Nearly(? or) all compression algoritm see a file as byte-stream with explicite information byte-offset and byte-value. Most of them replacing repeating sequences with references, and yes this works great.
In different this compression algorithm look different and use another view on file, the file structure as compression base. All files can be descripe as repeated part time permutation of values. This permutation ends with first repeated value. Also you can see this value as part who concat two permutations, because one end with this value and another start with this value. At the end it can be a rest.
For example (based on Nibbles instead of Bytes):
01 0A 07 04 0A 03 03 05 0A 07 04 0A 0F
| | | |
Start | | |
Repeated | |
also Start | |
Repeated Repeated
also Start also Rest
Properties of Nibble-permutation are btw. max size is 16 (0123456789ABCDEF) but in random data the birthday hint tells us most of that are maybe 5 to 6 elements long. Also the probality of repeated value increases with next value, beginning with 1/15, 1/14, 1/13 ... 1/1. Its like a markov chain.

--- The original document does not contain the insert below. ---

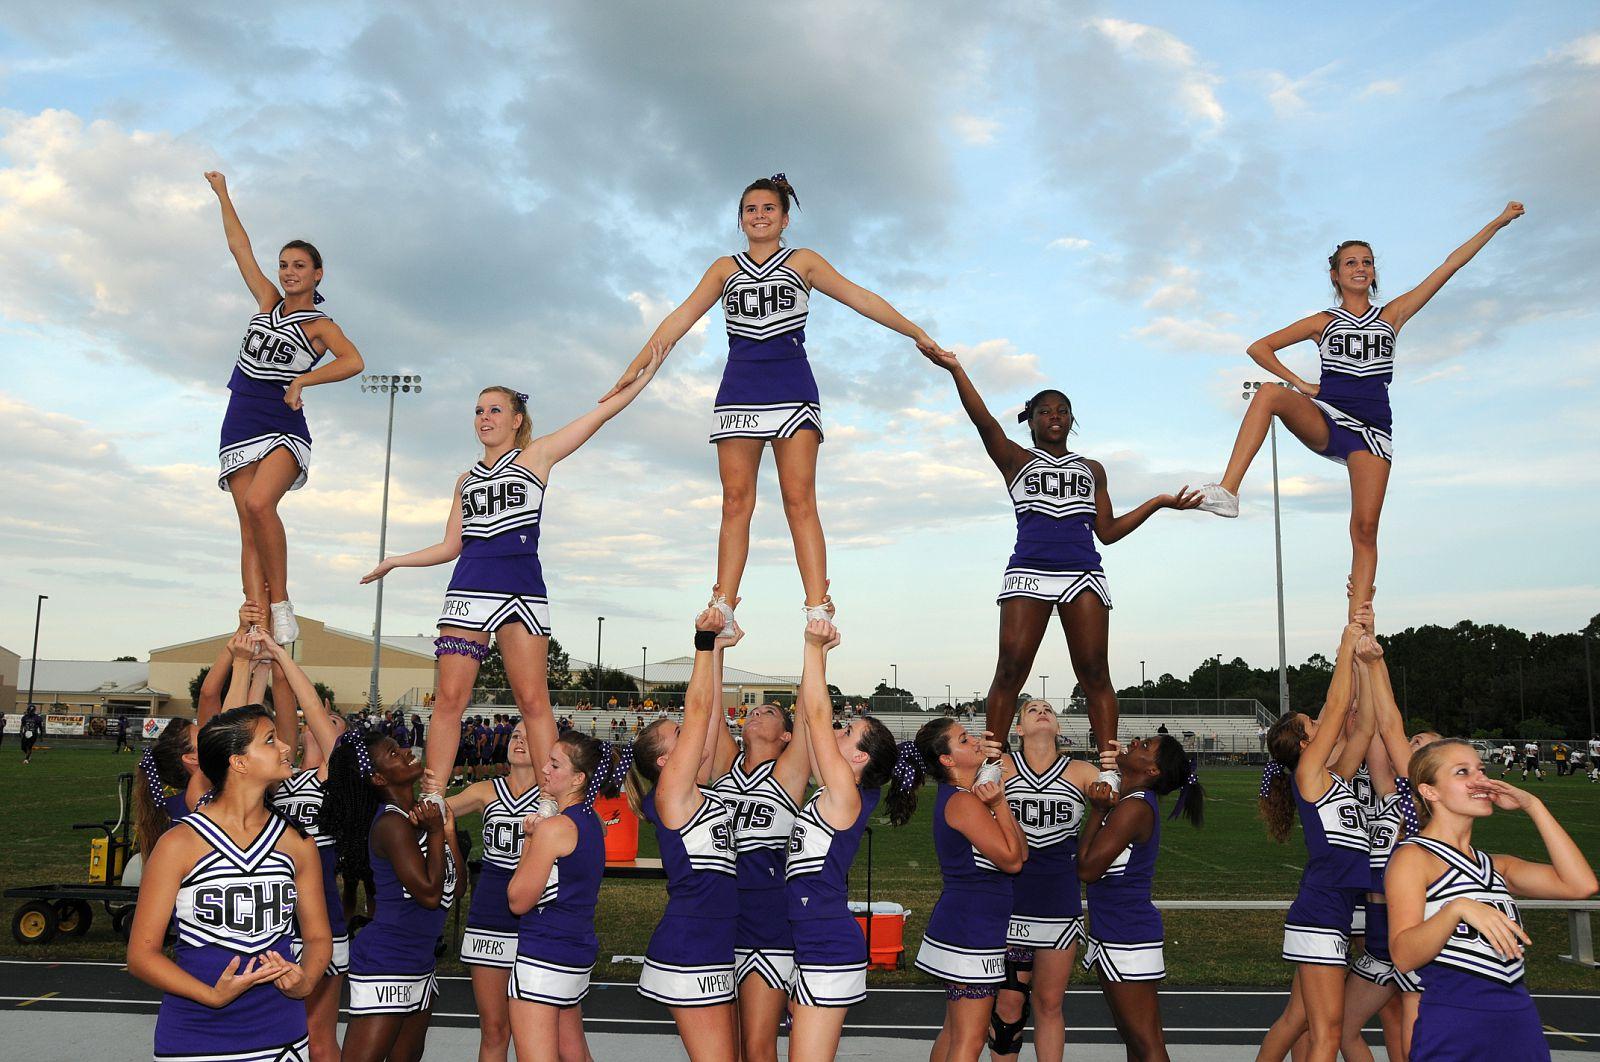 Girls High School Cheerleading Stunts
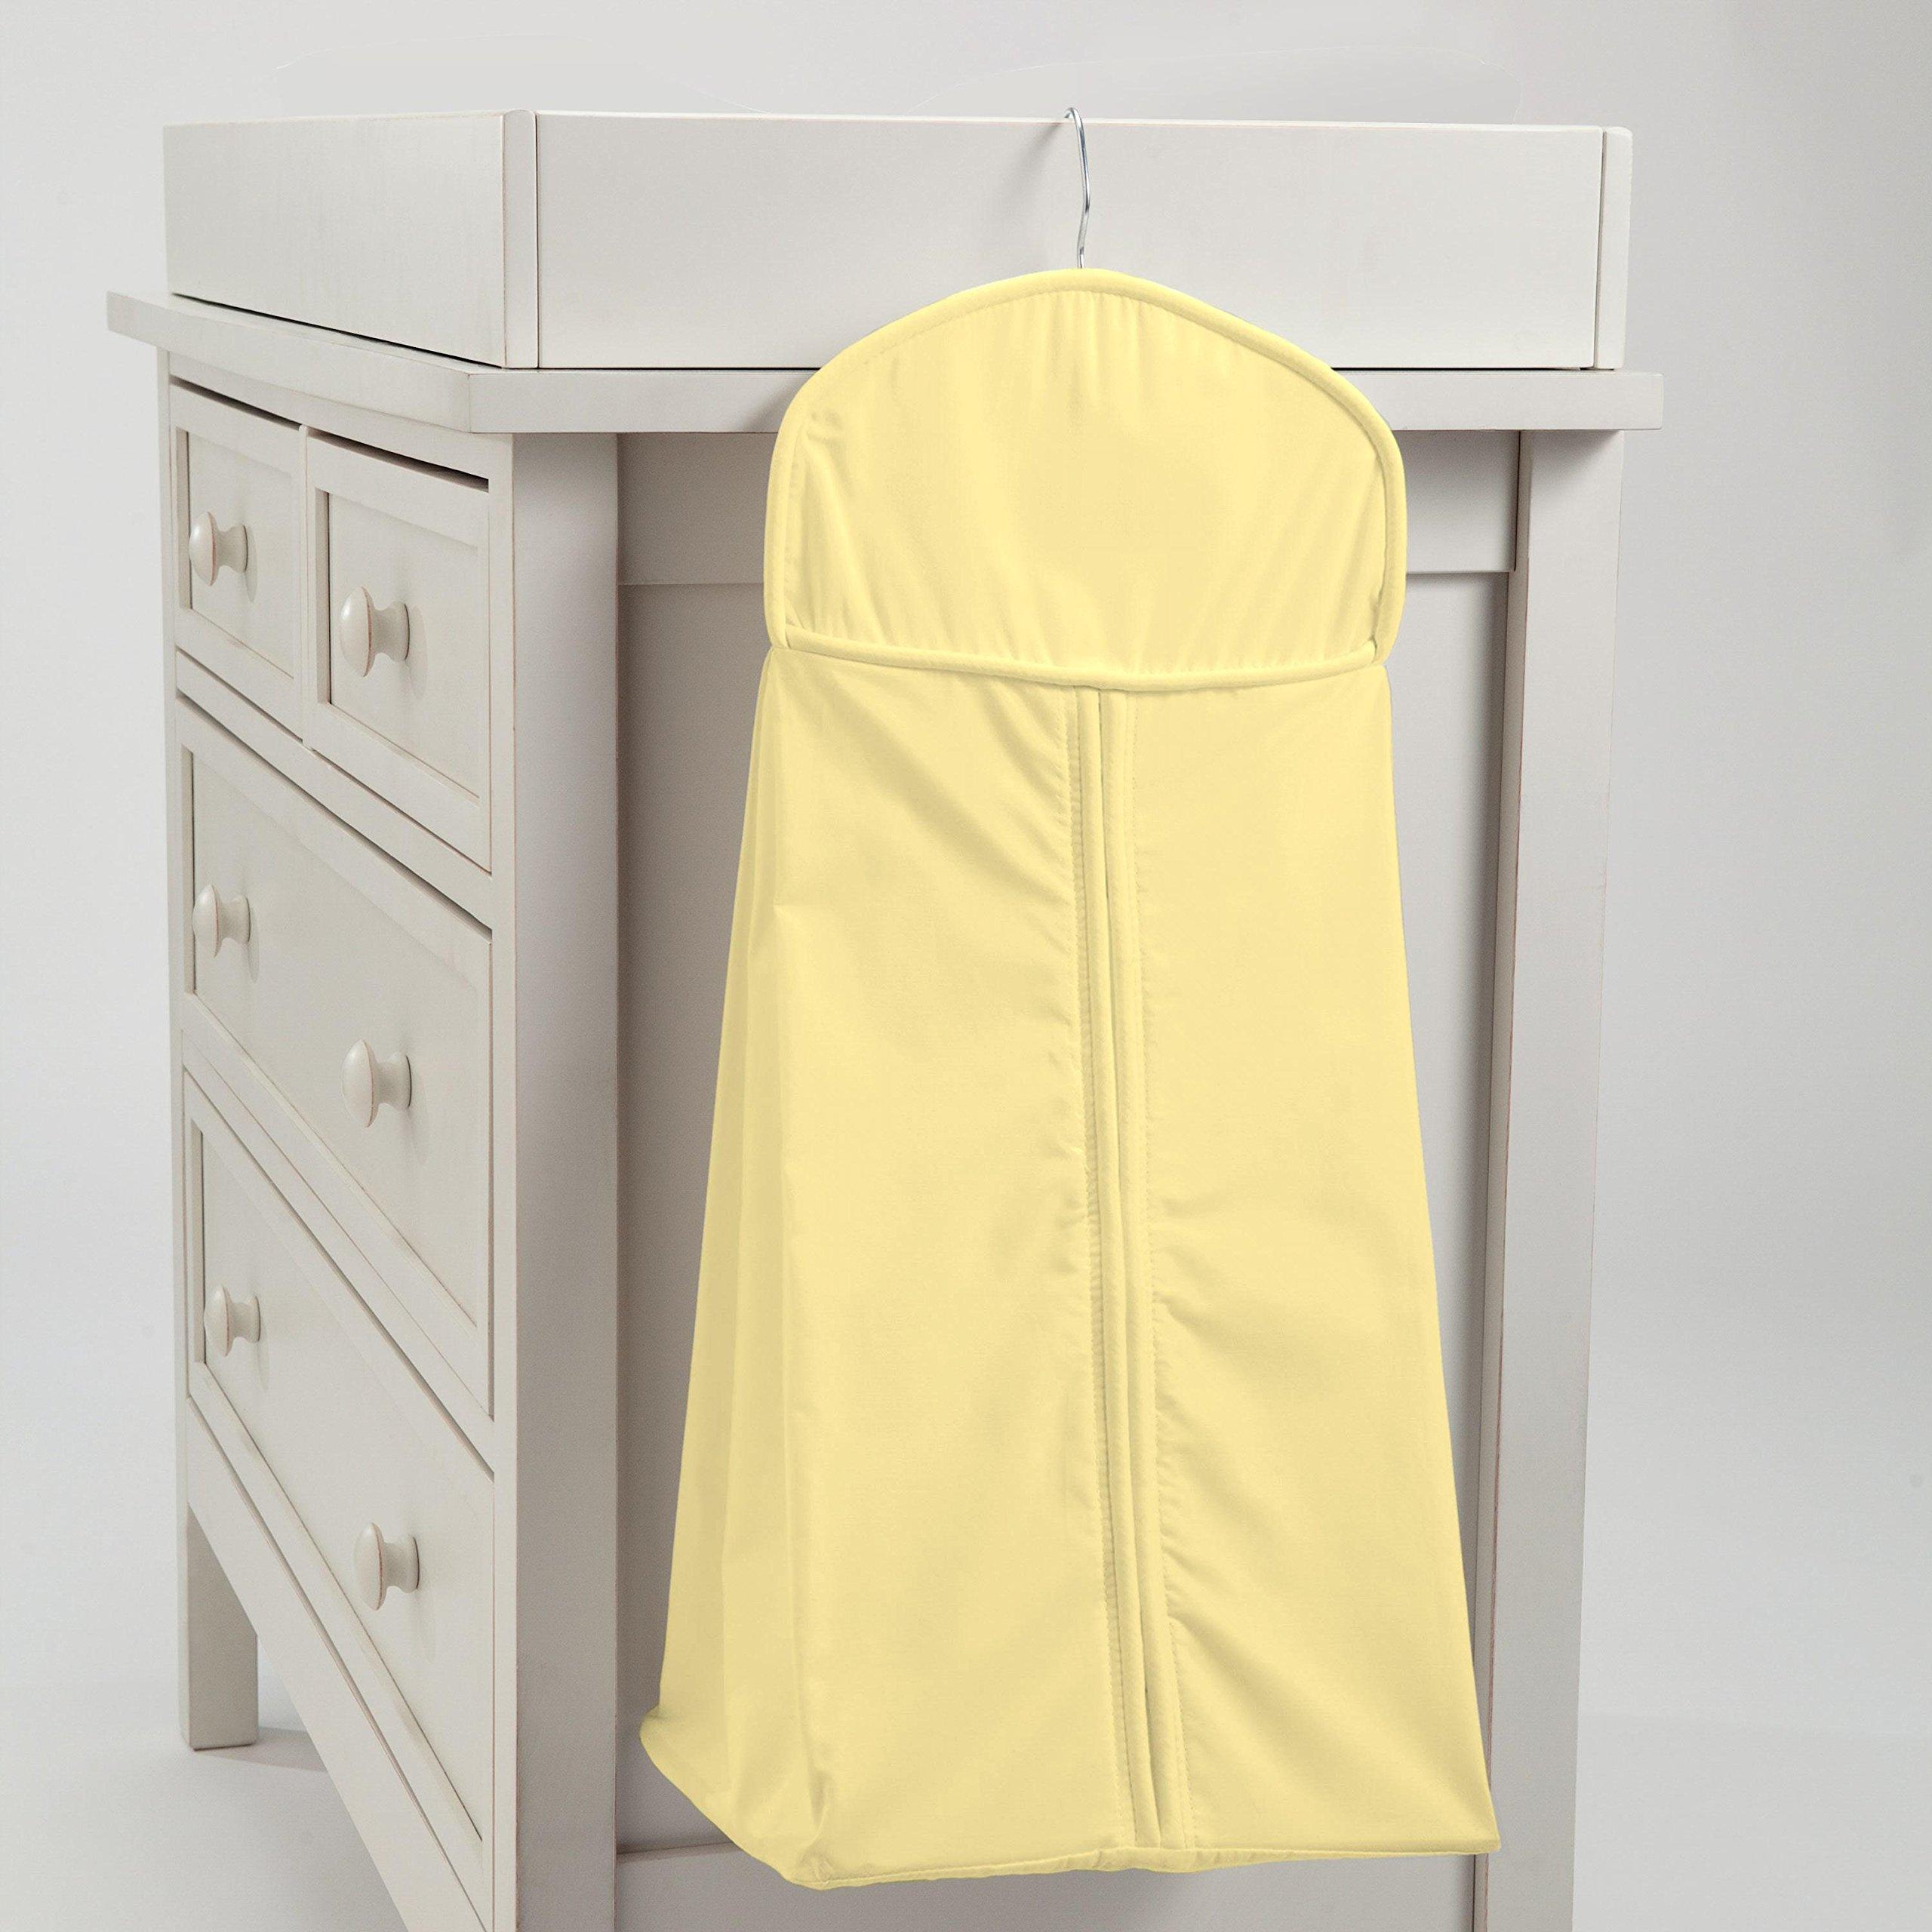 Carousel Designs Solid Banana Diaper Stacker

Note: The algorithm is based on human intelligence, but part of the code was first written by artificial intelligence (vibe coding) and than modified by human because the result is the priority.
| compressor | version | parameter | size in bytes | % | time | bytes per second | comment |
|---|---|---|---|---|---|---|---|
| ben | 0.42 | 32.280.526 | 32.28 | 2:58.30 | 181.046 | non optimized code | |
| ben+xz | xz -9ekf | 31.300.064 | 31.30 | 3:06.06 | 168.225 | ||
| bzip2 | 1.0.8 | -9zkf | 29.008.758 | 29.01 | 0:04.75 | 6.107.106 | |
| gzip | 479 | -9kf | 36.475.811 | 36.48 | 0:03.52 | 10.362.446 | fast |
| xz | 5.8.2 | -9ekf | 24.831.656 | 24.83 | 0:56.00 | 443.422 | |
| zopfli | 1.0.3 | --i100 | 34.955.165 | 34.96 | 10:10.79 | 57.229 | |
| zpaq | 7.15 | -m5 | 19.625.015 | 19.63 | 4:32.29 | 71.907 | best |
| zstd | 1.5.7 | -k19f | 26.944.227 | 26.94 | 0:41.83 | 664.136 |
No dependency for be42 library.
CLI tool ben needed swift-argument-parser and be42.
Apache License Version 2.0
0.42.0
First public version, perhaps the 42nd attempt at a functioning implementation. Better than gzip.